Even though it was a reboot running through the motions, 2012's The Amazing Spider-Man proved to be an entertaining comic book flick with the likeable leads of Andrew Garfield and Emma Stone. Its sequel, The Amazing Spider-man 2 is an amazing step down. The film is slogged by a clunky and bloated narrative, lacking the focused ties of its predecessor. And stylistically, almost everything about it is considerably cheesy, and the action sequences are overly cartoony (and not in the fun way). 
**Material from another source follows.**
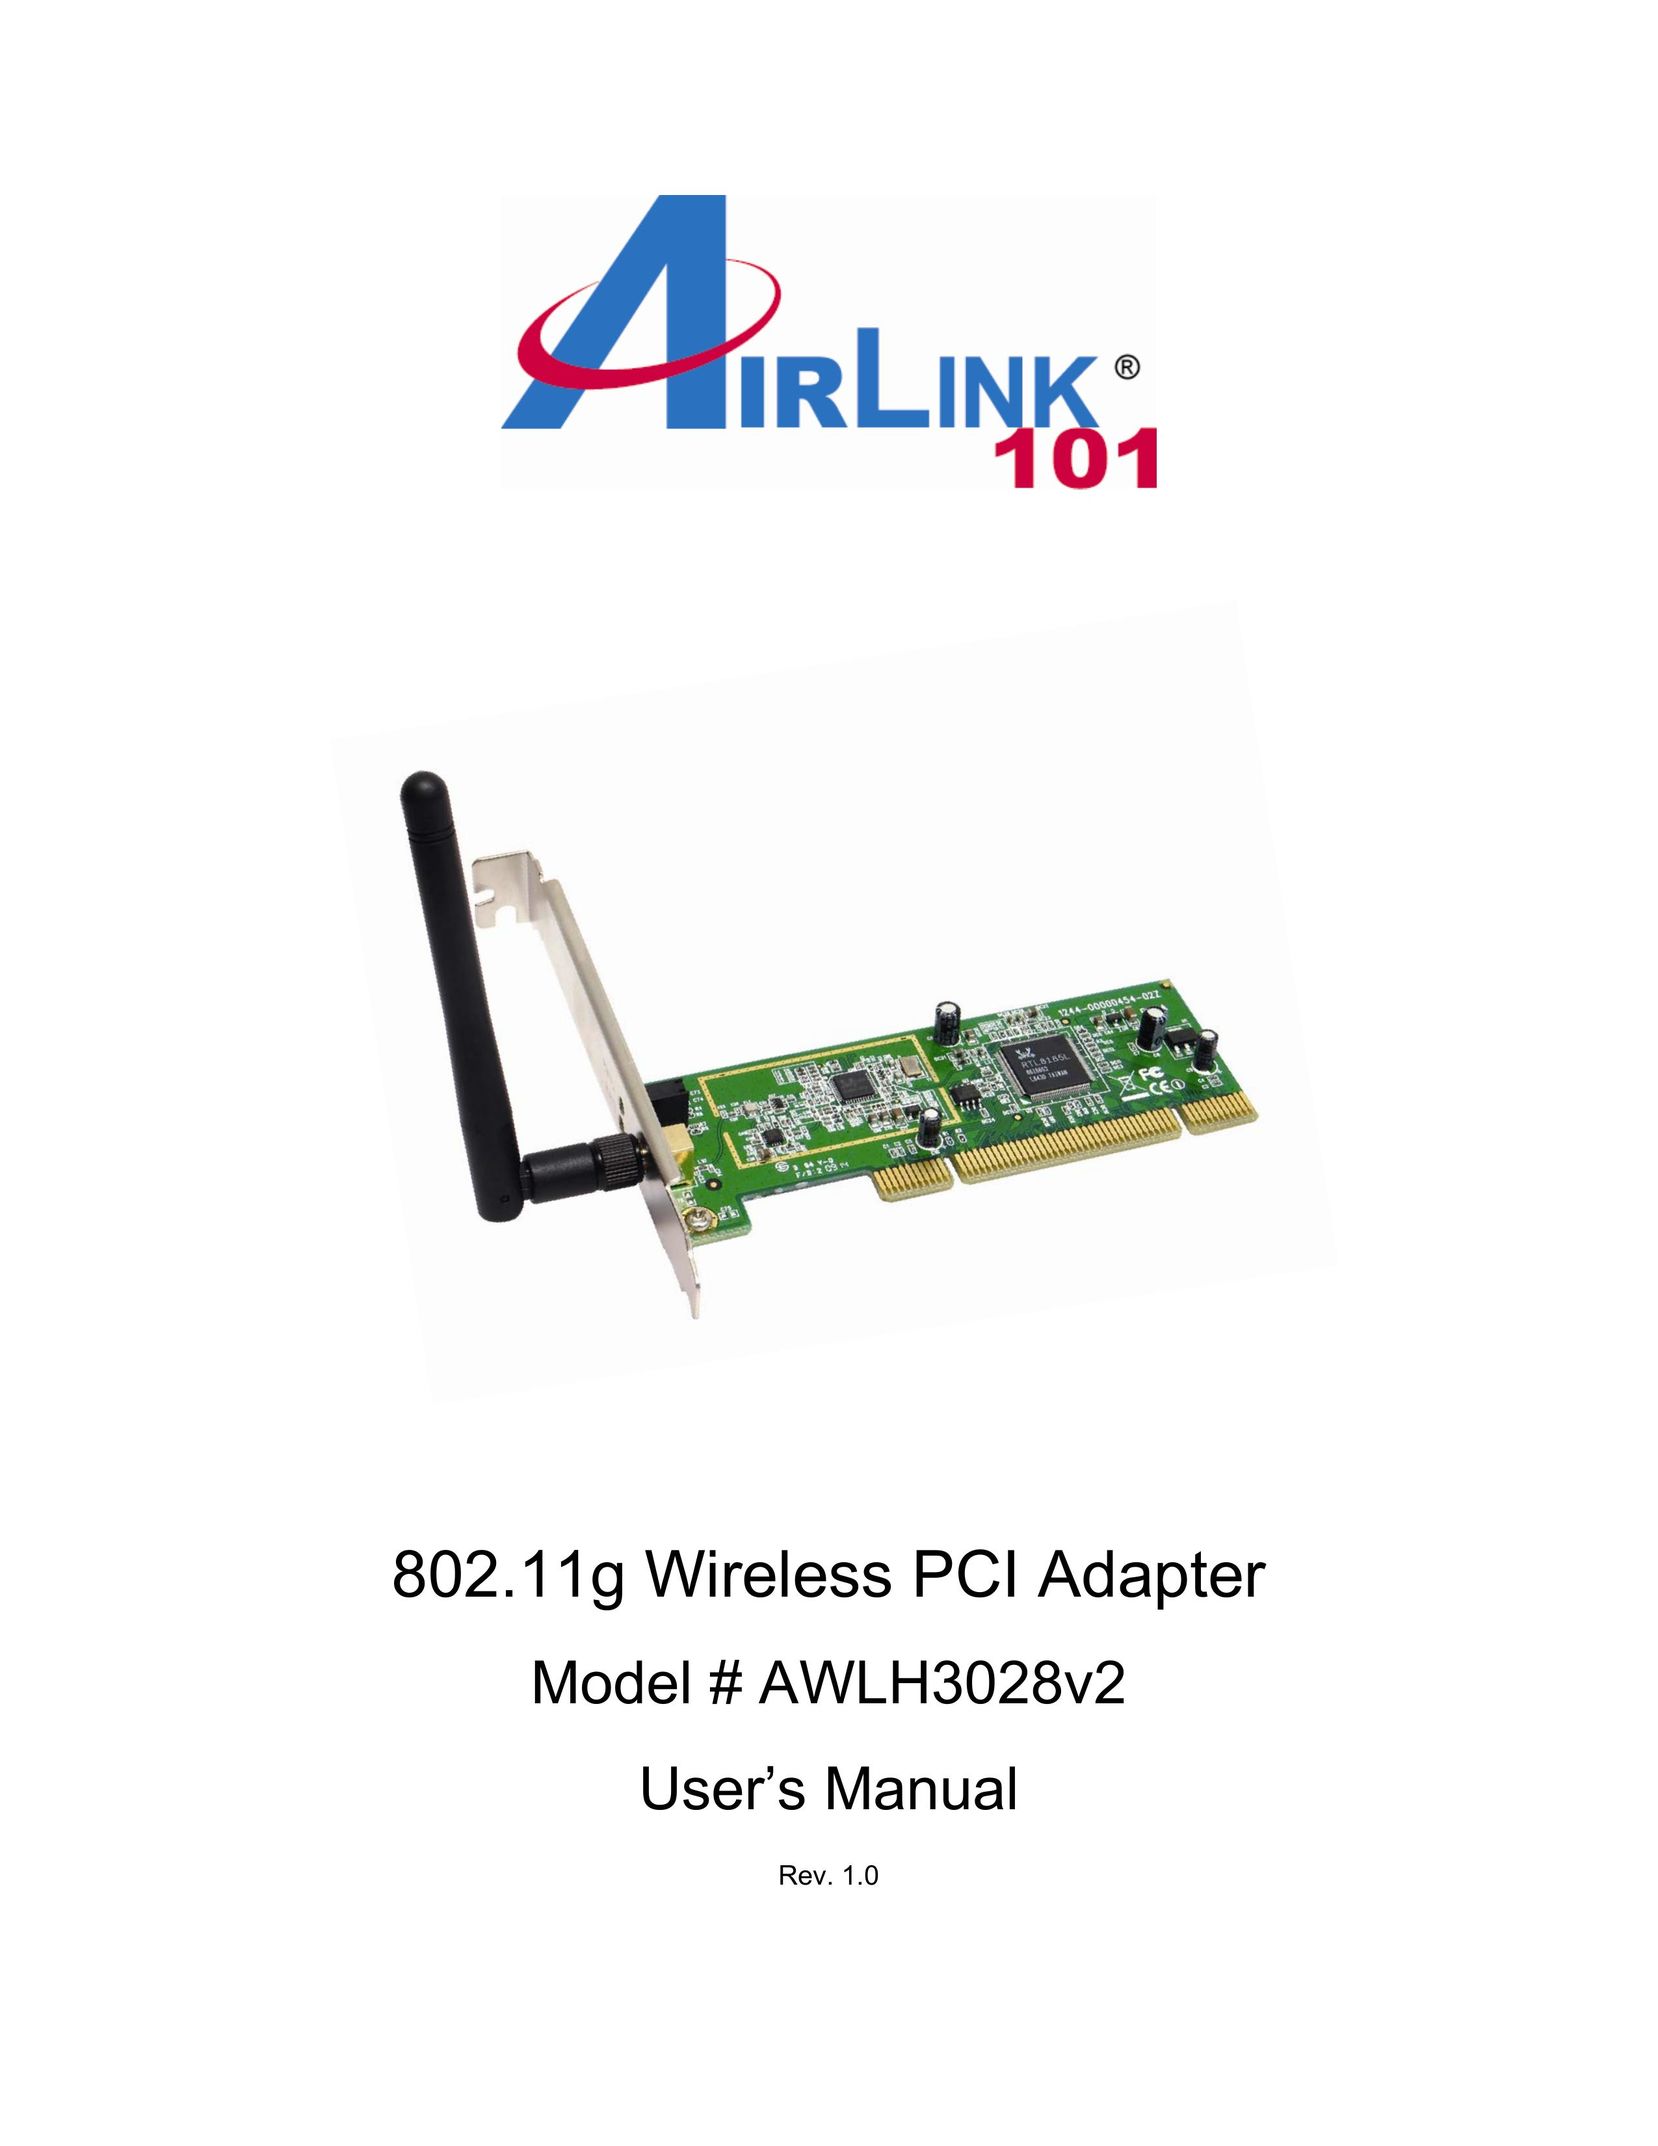 Airlink101 AWLH3028V2 Computer Hardware User Manual

It opens with some more in-depth info about about Peter's (Garfield) parents. Then it transitions to the present amid a chase scene where Spider-Man is being Spider-Man--navigating the NY streets, saving one life at a time while trying not to be late for his graduation. During the chase, he happens upon a full-nerded Jamie Foxx, who later becomes the story's main physical villain, Electro. The film revolves around Spider-Man and his mission to defeat Electro and save the city from the wrath of Harry Osborn, son of Norman Osborn and heir of mega-science company, Oscorp. Harry is played by newcomer Dane DeHaan, who was excellent in last year's The Place Beyond The Pines and Kill Your Darlings, but he doesn't have much solid material to work with here. Some of his emotional deliveries are laughably bad, which can mostly be blamed on the stinky script.

The love story between Peter and Gwen (Stone) is still a center point. But while it was sweet and serviceable in the first film, it becomes annoying and trite in this one. The entire thread is basically a series of repeats of the last couple scenes from the previous movie--breaking up and reuniting several times, but never fully resonating either way--Just "Oh, here we are again! Lol".

It's difficult to find any major redeeming factors in The Amazing Spiderman 2, anywhere. This thing is 140 minutes long, yet it's void of all the high points and charms from what came before it, and somehow it just seems like a giant, empty checklist of setups for the next movie. The film attempts to develop at least three different villains, and all of them end up being super un-interesting. Their antics are even unintentionally hilarious, at times.

This is a typically terrible and cringe-worthy sequel in the utmost sense. Just a big, forgettable blur--maybe even worse than that, because some of the awful moments still stick.